### What is required:
Starting at the top of the listing below, copy each line exactly, stopping after the line that contains "INTIMA Lingettes hygiène".

### Provided material:
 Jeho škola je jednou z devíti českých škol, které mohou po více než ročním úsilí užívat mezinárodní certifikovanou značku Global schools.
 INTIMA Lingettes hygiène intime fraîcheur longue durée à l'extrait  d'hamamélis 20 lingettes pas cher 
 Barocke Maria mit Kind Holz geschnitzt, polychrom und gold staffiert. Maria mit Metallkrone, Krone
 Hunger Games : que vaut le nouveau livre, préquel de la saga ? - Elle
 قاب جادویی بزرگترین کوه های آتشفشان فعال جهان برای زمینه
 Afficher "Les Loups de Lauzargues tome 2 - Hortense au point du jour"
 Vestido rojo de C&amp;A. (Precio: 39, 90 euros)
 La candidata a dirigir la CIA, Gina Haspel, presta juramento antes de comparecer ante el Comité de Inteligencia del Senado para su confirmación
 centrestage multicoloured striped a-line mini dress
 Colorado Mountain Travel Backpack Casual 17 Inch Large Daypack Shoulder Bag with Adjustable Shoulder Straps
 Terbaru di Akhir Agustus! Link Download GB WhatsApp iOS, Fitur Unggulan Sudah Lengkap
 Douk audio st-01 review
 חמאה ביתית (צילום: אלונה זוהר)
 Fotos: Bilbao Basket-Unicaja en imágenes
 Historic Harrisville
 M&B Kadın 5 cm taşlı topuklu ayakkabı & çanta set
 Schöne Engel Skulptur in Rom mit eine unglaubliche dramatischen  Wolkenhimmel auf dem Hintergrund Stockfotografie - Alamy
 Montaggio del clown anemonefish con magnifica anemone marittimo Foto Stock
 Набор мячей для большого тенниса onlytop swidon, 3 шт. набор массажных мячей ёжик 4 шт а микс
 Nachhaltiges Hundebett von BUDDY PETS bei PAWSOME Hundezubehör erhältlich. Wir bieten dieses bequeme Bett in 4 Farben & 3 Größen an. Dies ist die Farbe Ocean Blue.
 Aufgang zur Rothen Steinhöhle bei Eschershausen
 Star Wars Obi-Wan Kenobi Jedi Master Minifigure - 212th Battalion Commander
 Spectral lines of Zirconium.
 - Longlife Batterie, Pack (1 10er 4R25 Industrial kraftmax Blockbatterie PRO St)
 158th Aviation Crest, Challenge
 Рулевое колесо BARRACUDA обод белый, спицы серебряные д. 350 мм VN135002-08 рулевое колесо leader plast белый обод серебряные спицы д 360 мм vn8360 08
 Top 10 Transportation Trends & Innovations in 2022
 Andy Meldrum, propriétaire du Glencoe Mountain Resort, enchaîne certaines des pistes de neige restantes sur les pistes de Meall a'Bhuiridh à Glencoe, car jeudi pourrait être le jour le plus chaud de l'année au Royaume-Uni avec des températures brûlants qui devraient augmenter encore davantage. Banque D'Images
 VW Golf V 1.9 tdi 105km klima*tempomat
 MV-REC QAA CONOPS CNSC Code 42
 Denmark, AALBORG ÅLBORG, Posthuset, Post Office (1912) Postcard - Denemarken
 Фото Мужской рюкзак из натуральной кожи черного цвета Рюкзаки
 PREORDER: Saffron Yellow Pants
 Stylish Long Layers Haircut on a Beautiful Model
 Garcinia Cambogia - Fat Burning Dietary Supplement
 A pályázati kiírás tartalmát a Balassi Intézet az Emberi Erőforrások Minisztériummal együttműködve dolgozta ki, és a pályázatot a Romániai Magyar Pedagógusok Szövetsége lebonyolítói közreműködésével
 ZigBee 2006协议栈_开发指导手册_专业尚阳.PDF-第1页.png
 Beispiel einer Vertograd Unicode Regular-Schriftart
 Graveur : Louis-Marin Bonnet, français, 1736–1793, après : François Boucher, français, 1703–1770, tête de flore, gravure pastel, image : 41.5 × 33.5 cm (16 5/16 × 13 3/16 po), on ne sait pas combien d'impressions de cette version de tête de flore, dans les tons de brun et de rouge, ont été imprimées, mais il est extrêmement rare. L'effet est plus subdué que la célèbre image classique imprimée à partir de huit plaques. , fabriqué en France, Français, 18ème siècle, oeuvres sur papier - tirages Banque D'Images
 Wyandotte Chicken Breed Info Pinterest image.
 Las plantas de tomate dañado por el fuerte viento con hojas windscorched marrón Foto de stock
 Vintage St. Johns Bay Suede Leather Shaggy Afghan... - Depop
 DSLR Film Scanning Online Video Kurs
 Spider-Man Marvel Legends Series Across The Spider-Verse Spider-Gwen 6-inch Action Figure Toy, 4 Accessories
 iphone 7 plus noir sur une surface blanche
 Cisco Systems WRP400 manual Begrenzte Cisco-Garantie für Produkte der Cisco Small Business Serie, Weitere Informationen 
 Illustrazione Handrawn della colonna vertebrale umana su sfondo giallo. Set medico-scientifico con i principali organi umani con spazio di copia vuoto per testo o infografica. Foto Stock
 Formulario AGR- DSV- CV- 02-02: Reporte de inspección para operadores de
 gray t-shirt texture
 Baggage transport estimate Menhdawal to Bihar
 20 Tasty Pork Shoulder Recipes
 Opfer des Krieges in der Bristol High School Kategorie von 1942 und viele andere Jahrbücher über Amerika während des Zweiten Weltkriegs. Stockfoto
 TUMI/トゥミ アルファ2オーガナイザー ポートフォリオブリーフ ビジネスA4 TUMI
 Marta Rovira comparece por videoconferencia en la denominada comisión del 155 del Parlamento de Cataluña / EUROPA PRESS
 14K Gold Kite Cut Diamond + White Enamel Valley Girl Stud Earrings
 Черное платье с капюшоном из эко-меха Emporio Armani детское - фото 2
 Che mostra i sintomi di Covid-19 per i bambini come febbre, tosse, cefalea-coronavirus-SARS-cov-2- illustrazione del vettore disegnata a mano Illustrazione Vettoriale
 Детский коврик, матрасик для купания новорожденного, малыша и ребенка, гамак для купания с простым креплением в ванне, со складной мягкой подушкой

### Finished task:
 Jeho škola je jednou z devíti českých škol, které mohou po více než ročním úsilí užívat mezinárodní certifikovanou značku Global schools.
 INTIMA Lingettes hygiène intime fraîcheur longue durée à l'extrait  d'hamamélis 20 lingettes pas cher 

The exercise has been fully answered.